▶ **What you should do**
Write out the lines below once more, exactly as they appear. Do not include pictures.

▶ **Provided data**
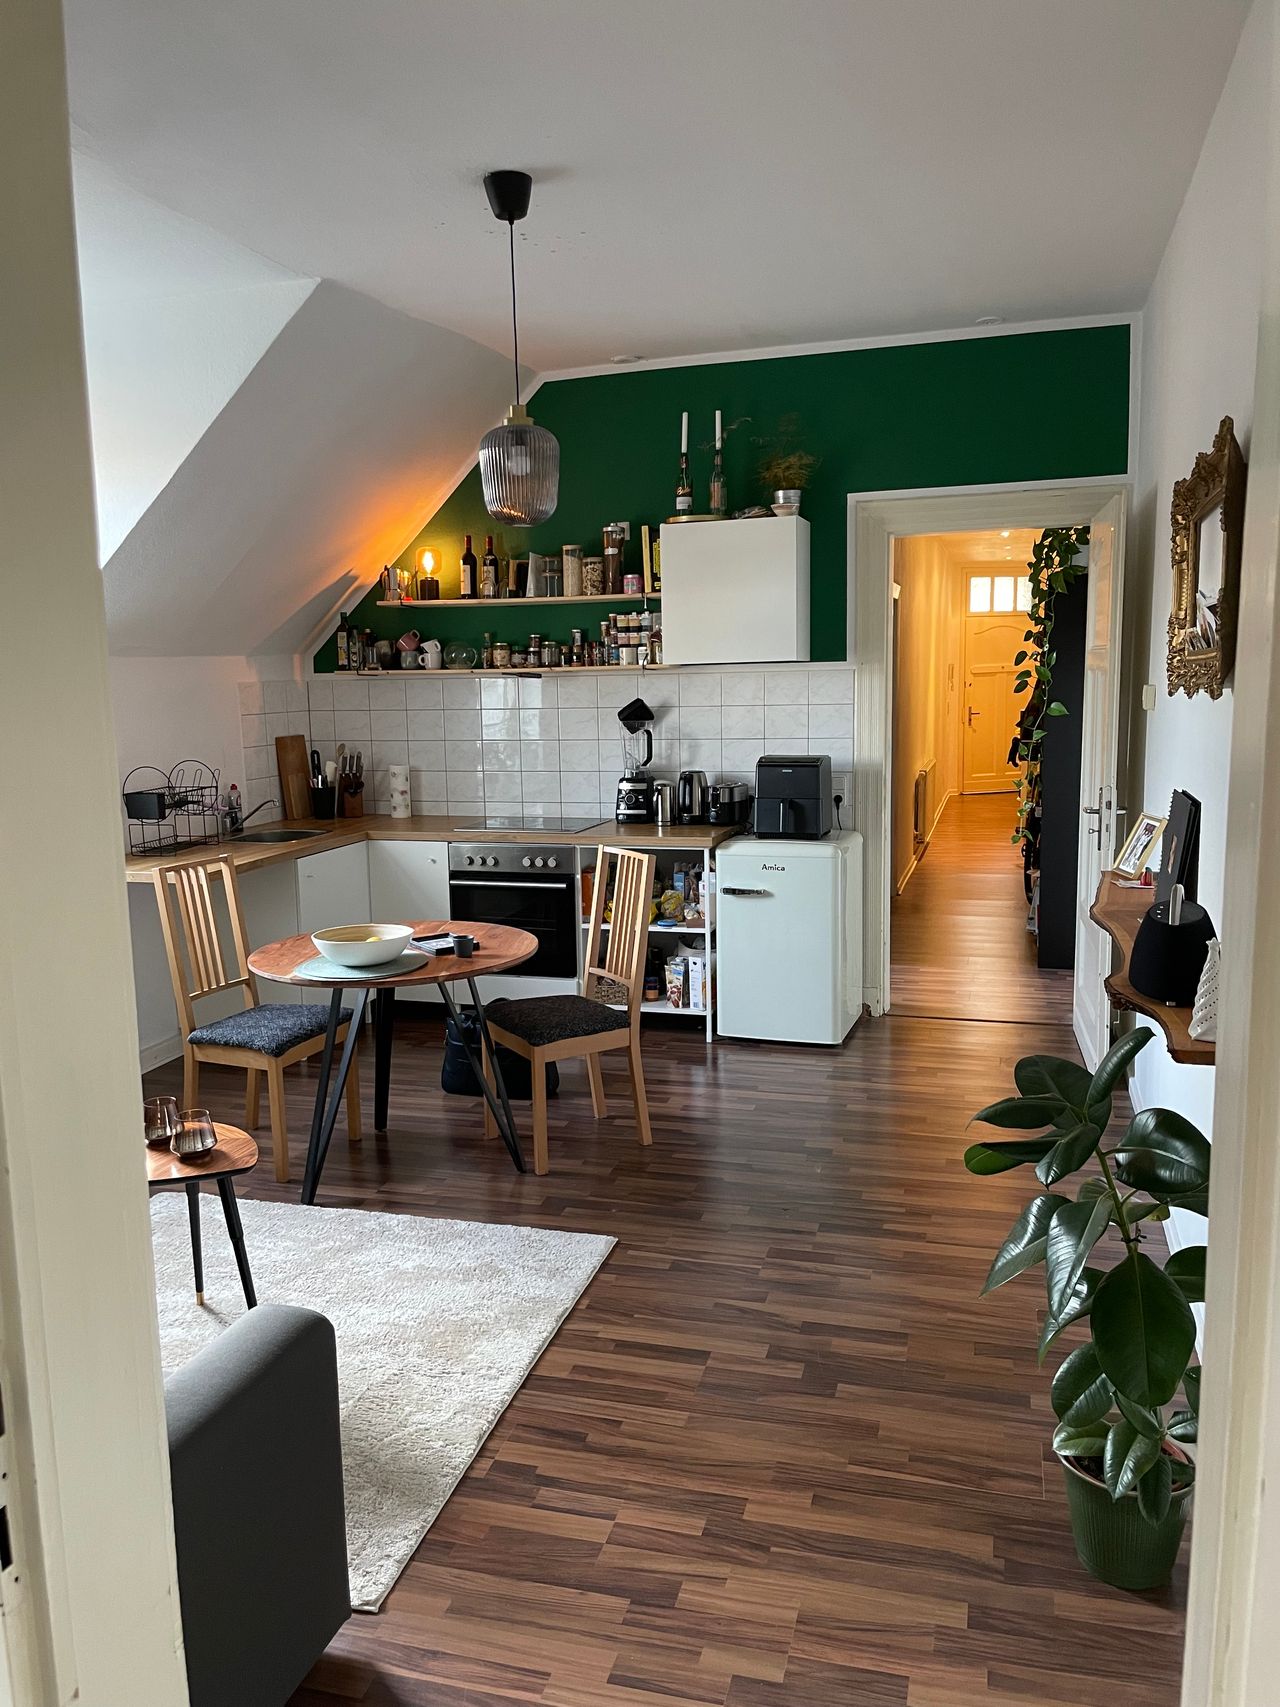 Cute and cozy flat located in Dortmund
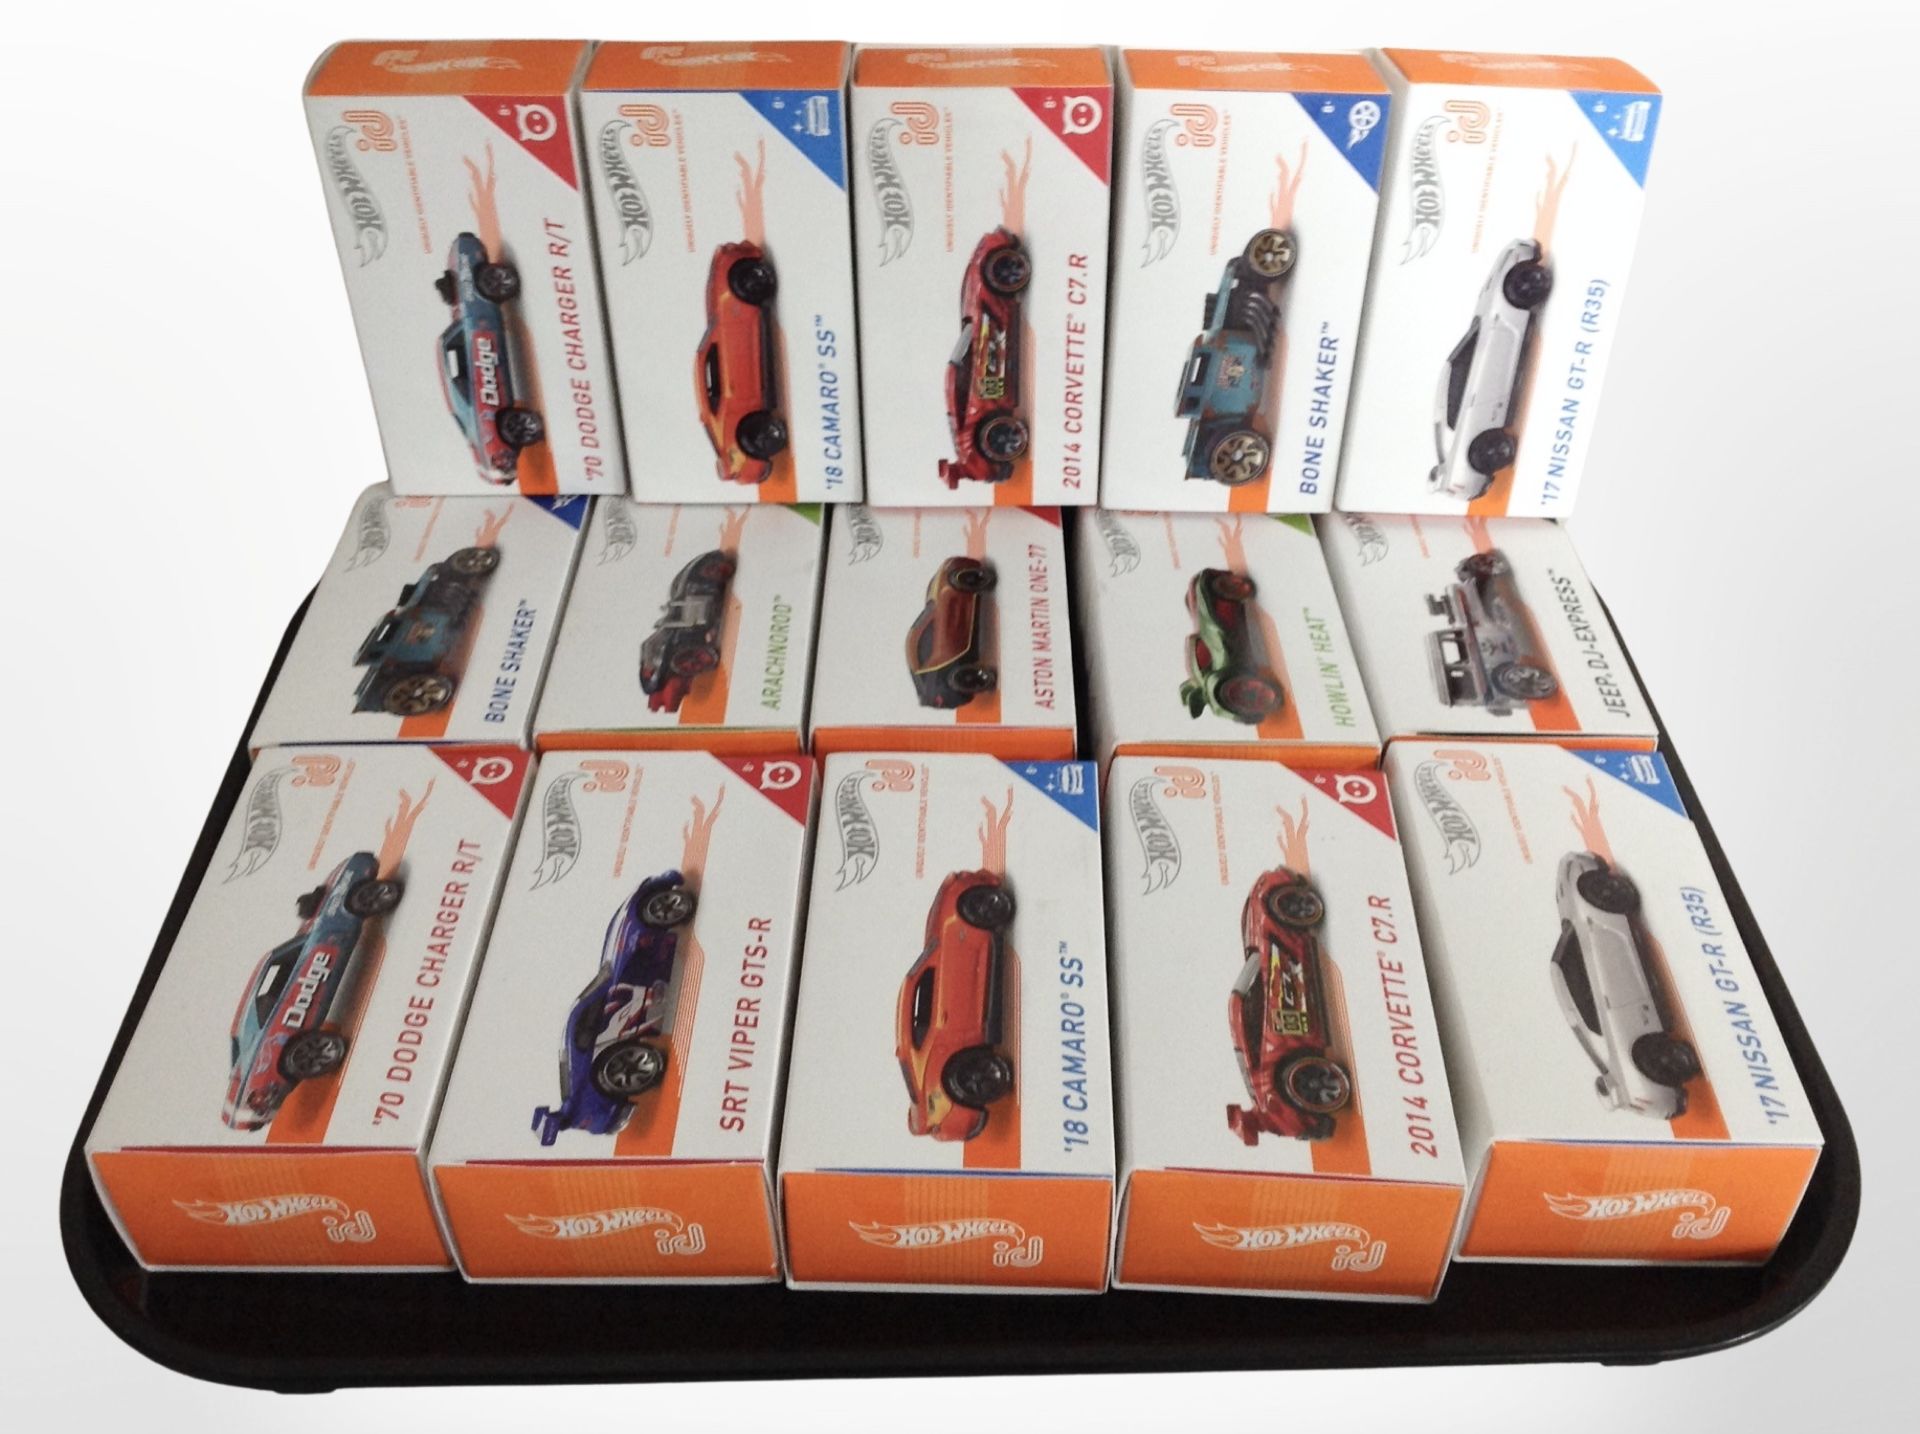 15 Mattel Hot Wheels models, boxed.
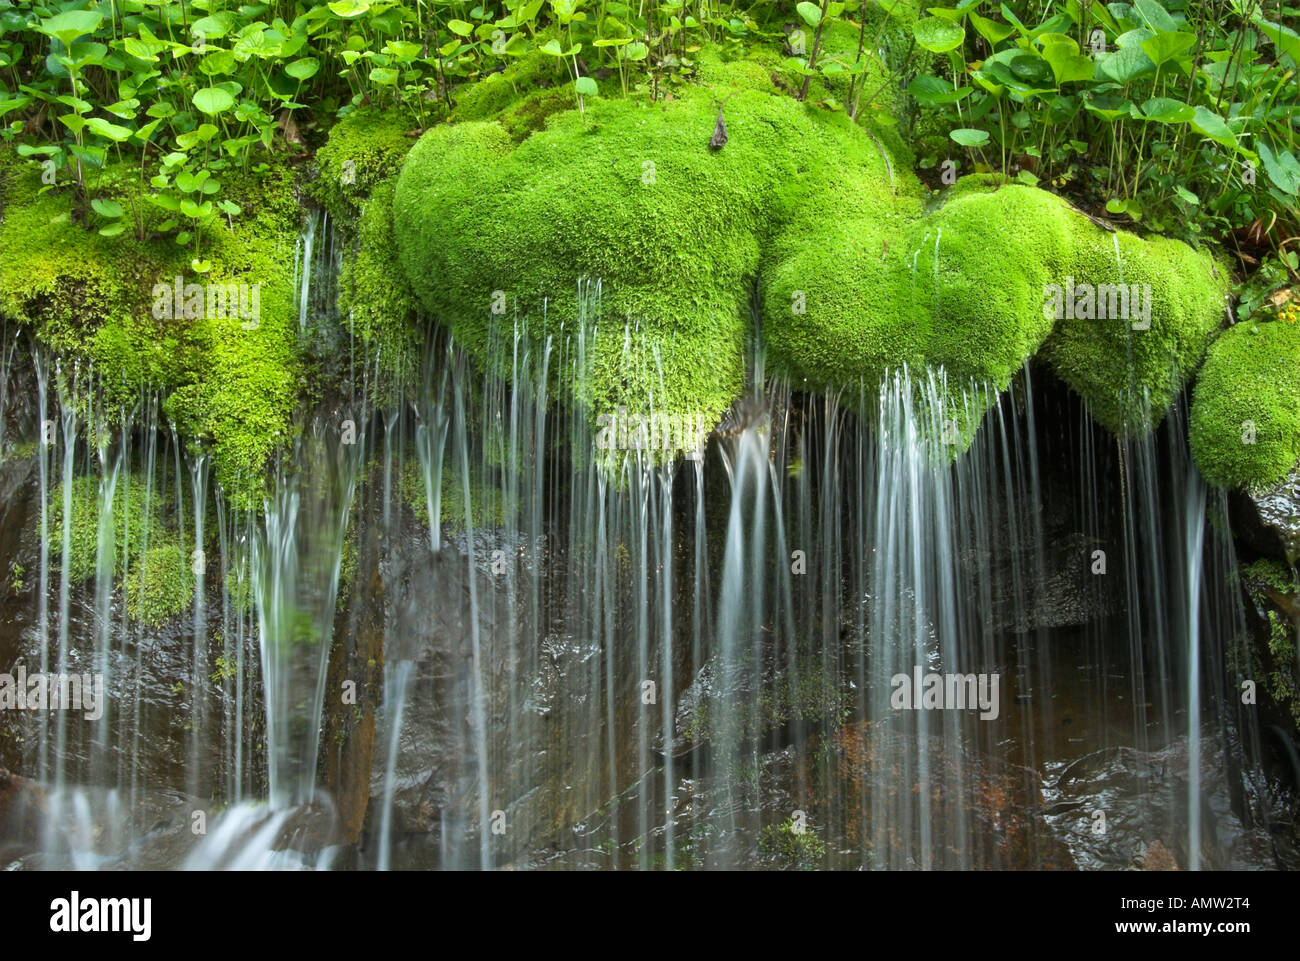 Image result for shenandoah national park waterfalls moss
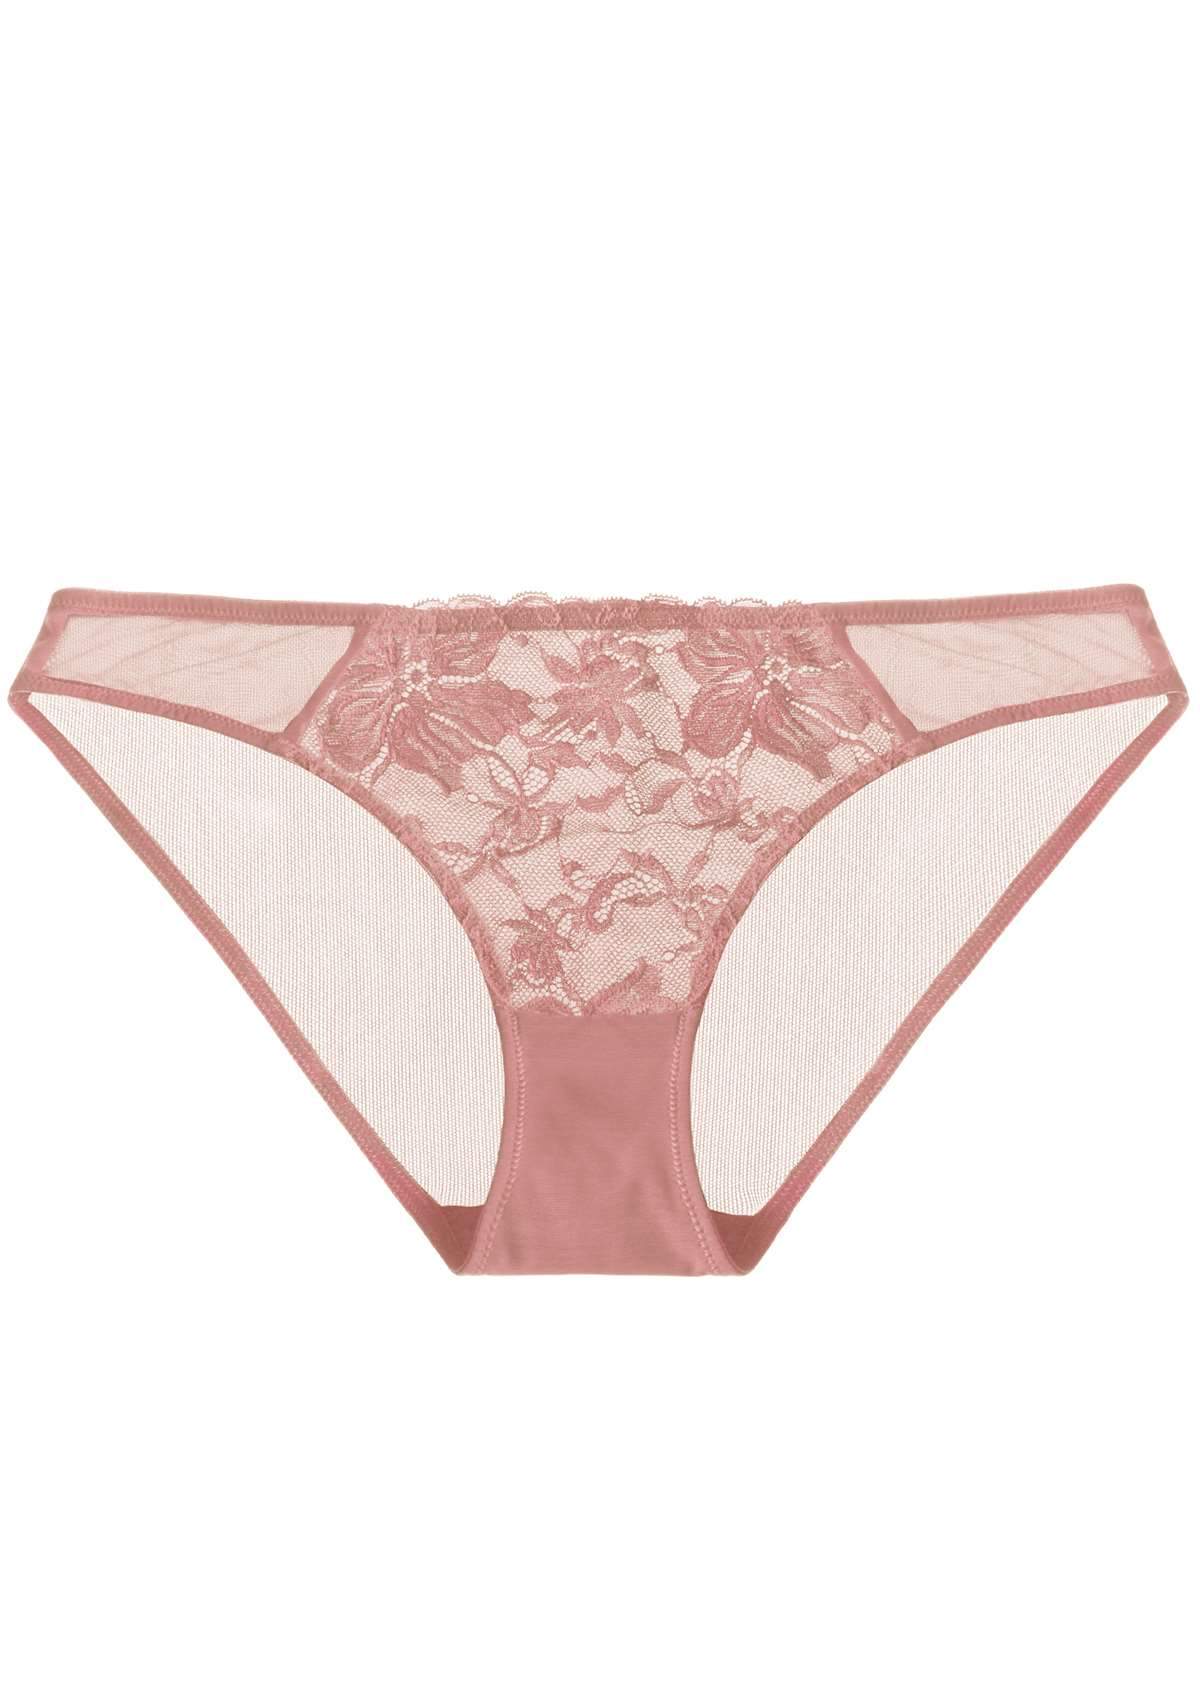 HSIA Pretty In Petals Sexy Everyday Lace Underwear  - M / Light Coral

▶ **The answer**
 Cute and cozy flat located in Dortmund
 15 Mattel Hot Wheels models, boxed.
 Image result for shenandoah national park waterfalls moss
 HSIA Pretty In Petals Sexy Everyday Lace Underwear  - M / Light Coral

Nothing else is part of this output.